Ah I shall indeed grab a S3 dev board and run some more tests, thanks for the suggestion!

You are right, I somehow forgot about the wait.

here

You could try to remove this line of code. There might be some glitches introduced, if you write to a part of the framebuffer, which will be shown one more time.
When you first print to a Canvas and later print the whole canvas to the framebuffer, there shouldn't be an issue.
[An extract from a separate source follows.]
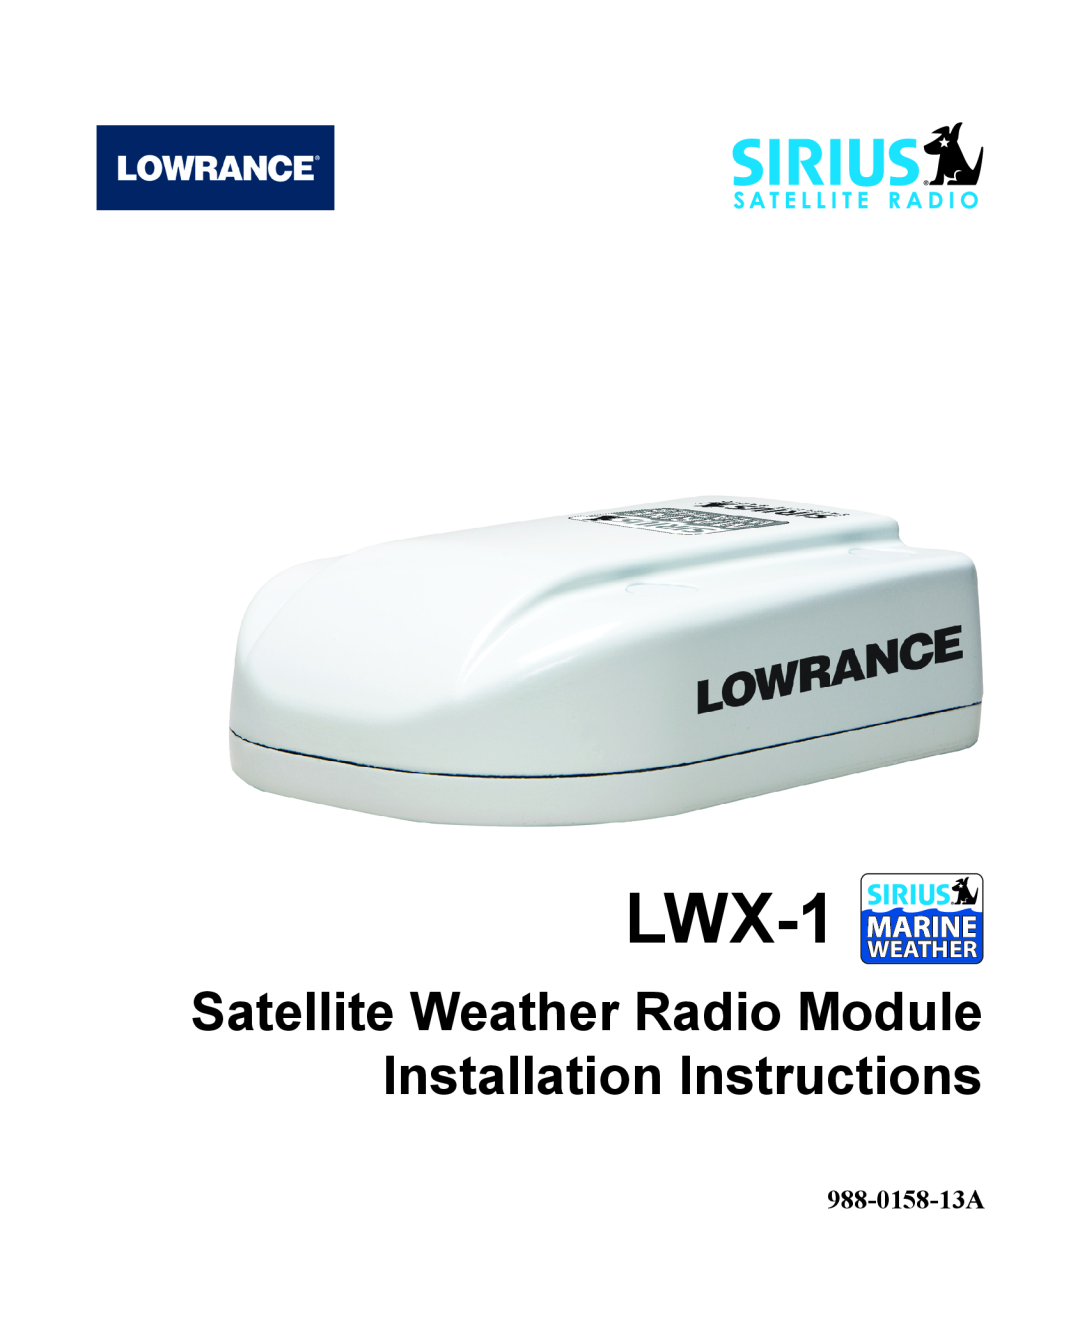 Lowrance electronic installation instructions 988-0158-13A, LWX-1 WEATHER 
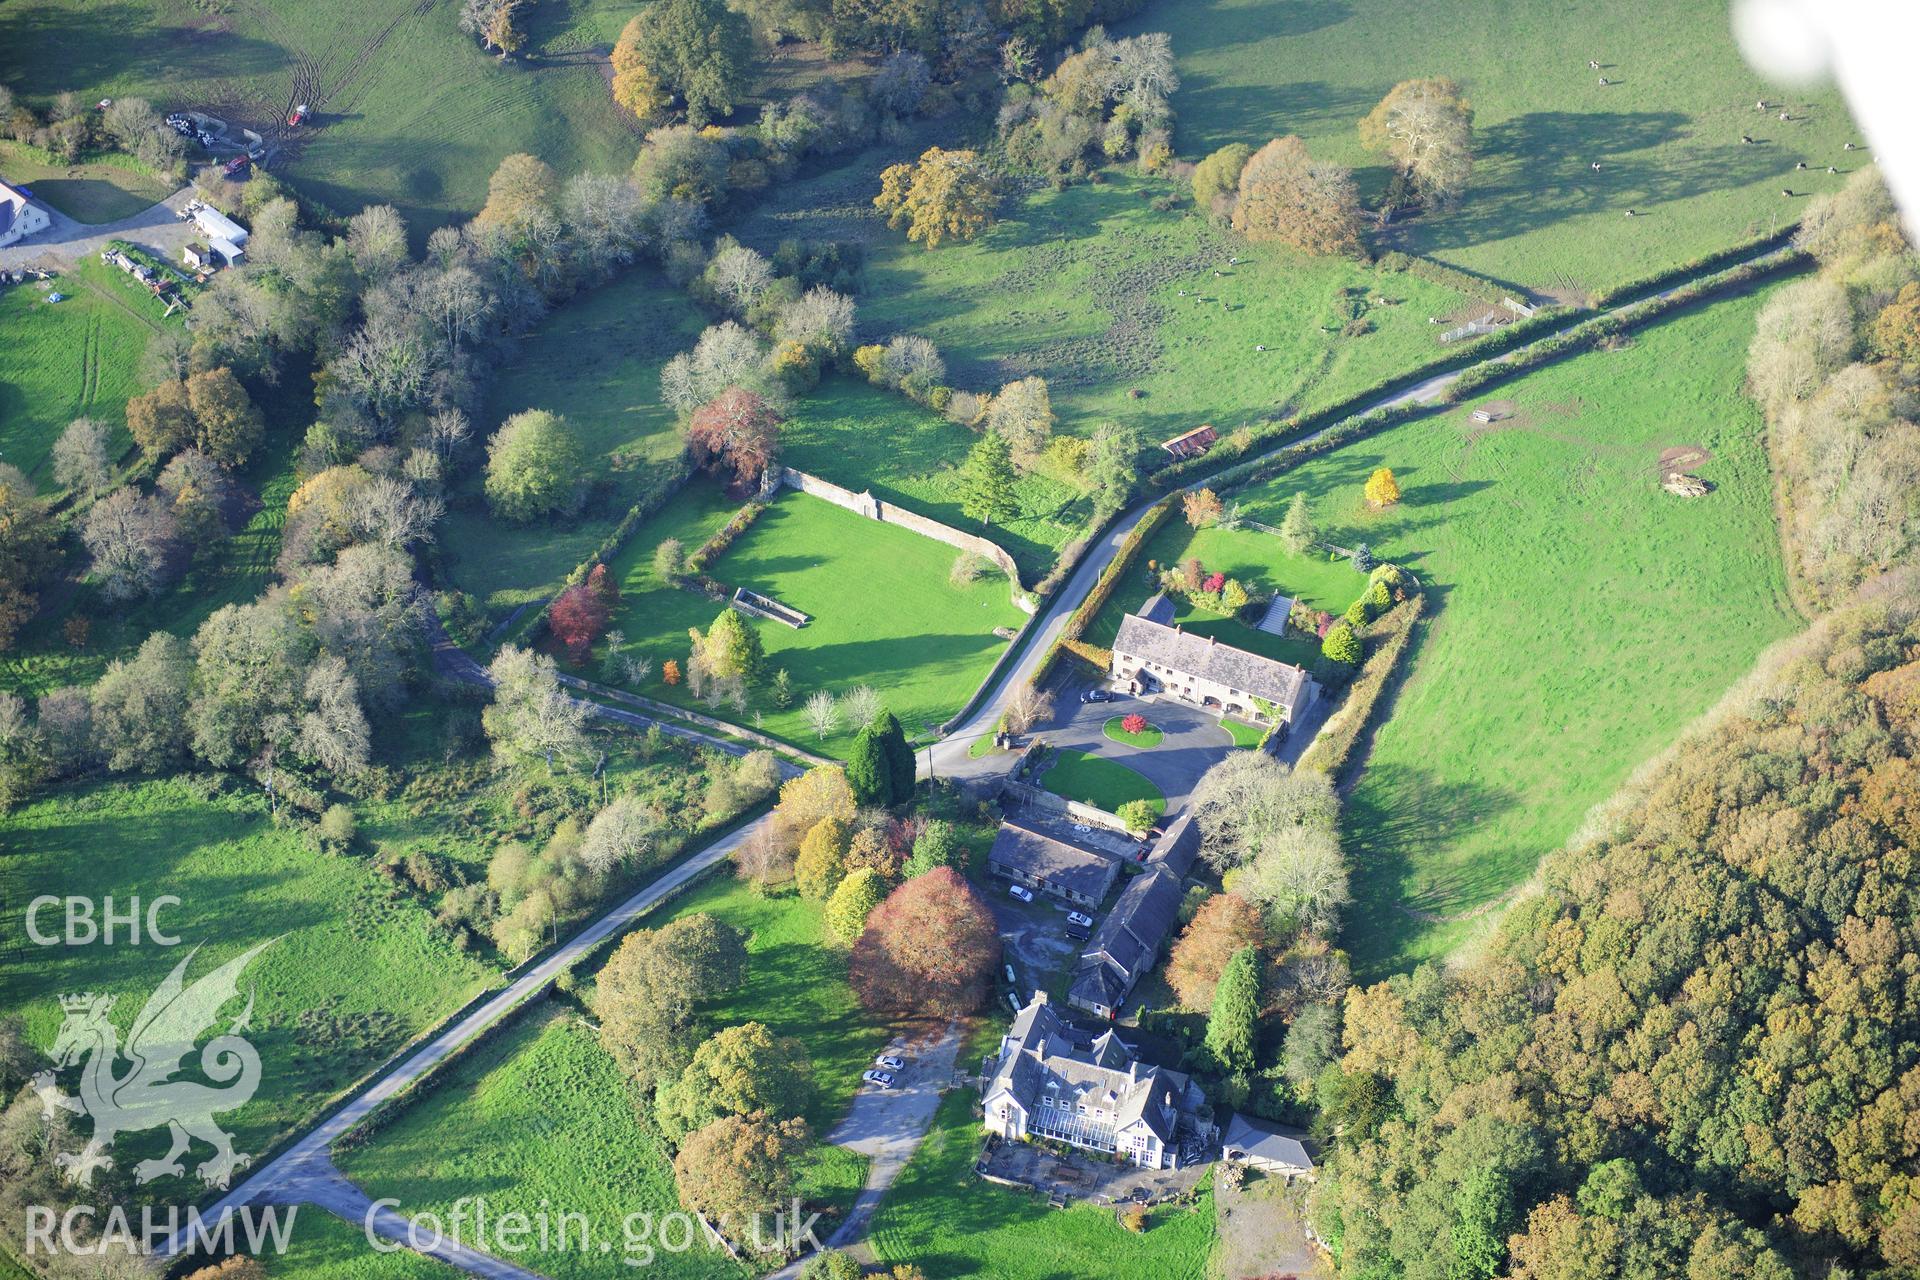 RCAHMW colour oblique photograph of Whitland Abbey. Taken by Toby Driver on 26/10/2012.

At least if the panel framerate is not a lot slower than you graphics frame rate.

Or if you are a good programmer and know the ESP RTOS or Free RTOS quite well, you could try to solve the issue by using multiple Tasks and Semaphors

Removing the while has really helped and not seeing any weird artifacts yet, Thanks :)
I'll also try a S3 see if I can squeeze little more speed out of it :D

I don't think the buffer flip is ever going to be perfect without some low level programming and logic output analysis. Not something I have the means or time to investigate.

No problem it looks very good to me thank you :) Just the minor speed issue which is now fixed by removing the while loop.